* _Action item_
Within the records below, find each line that holds the string "bois", then copy it.

* _Input_
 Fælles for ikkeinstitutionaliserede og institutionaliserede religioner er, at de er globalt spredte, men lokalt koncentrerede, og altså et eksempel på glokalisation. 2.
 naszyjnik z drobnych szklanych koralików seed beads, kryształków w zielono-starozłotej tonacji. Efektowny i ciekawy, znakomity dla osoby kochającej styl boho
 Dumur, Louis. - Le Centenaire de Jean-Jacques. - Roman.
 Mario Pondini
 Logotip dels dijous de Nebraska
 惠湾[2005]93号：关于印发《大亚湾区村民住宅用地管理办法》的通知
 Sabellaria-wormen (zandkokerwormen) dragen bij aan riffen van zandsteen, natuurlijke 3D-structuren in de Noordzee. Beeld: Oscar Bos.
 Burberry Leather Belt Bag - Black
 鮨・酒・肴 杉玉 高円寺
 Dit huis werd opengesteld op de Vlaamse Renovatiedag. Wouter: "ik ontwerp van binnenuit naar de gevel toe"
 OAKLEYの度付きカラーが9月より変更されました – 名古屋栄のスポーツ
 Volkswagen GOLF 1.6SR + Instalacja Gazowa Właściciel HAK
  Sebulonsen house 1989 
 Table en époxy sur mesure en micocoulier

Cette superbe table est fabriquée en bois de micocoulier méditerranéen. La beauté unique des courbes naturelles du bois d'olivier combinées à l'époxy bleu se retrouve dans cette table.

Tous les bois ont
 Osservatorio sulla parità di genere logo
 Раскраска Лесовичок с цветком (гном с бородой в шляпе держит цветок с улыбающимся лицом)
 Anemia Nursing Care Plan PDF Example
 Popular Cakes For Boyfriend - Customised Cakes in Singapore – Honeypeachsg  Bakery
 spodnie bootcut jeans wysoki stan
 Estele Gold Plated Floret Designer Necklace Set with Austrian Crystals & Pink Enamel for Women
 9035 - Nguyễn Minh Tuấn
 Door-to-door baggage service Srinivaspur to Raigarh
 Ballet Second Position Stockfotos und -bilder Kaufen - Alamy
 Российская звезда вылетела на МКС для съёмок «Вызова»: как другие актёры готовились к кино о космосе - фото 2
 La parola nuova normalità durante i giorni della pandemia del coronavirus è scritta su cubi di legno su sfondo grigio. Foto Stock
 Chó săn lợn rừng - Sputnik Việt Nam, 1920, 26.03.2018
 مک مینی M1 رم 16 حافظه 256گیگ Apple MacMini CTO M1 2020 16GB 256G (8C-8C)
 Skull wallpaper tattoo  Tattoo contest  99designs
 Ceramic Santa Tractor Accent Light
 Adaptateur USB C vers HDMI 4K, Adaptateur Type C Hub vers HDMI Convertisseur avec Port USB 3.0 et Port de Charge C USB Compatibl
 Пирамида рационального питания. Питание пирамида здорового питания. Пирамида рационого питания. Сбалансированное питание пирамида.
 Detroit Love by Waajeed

* _Result of the task_
Cette superbe table est fabriquée en bois de micocoulier méditerranéen. La beauté unique des courbes naturelles du bois d'olivier combinées à l'époxy bleu se retrouve dans cette table.
Tous les bois ont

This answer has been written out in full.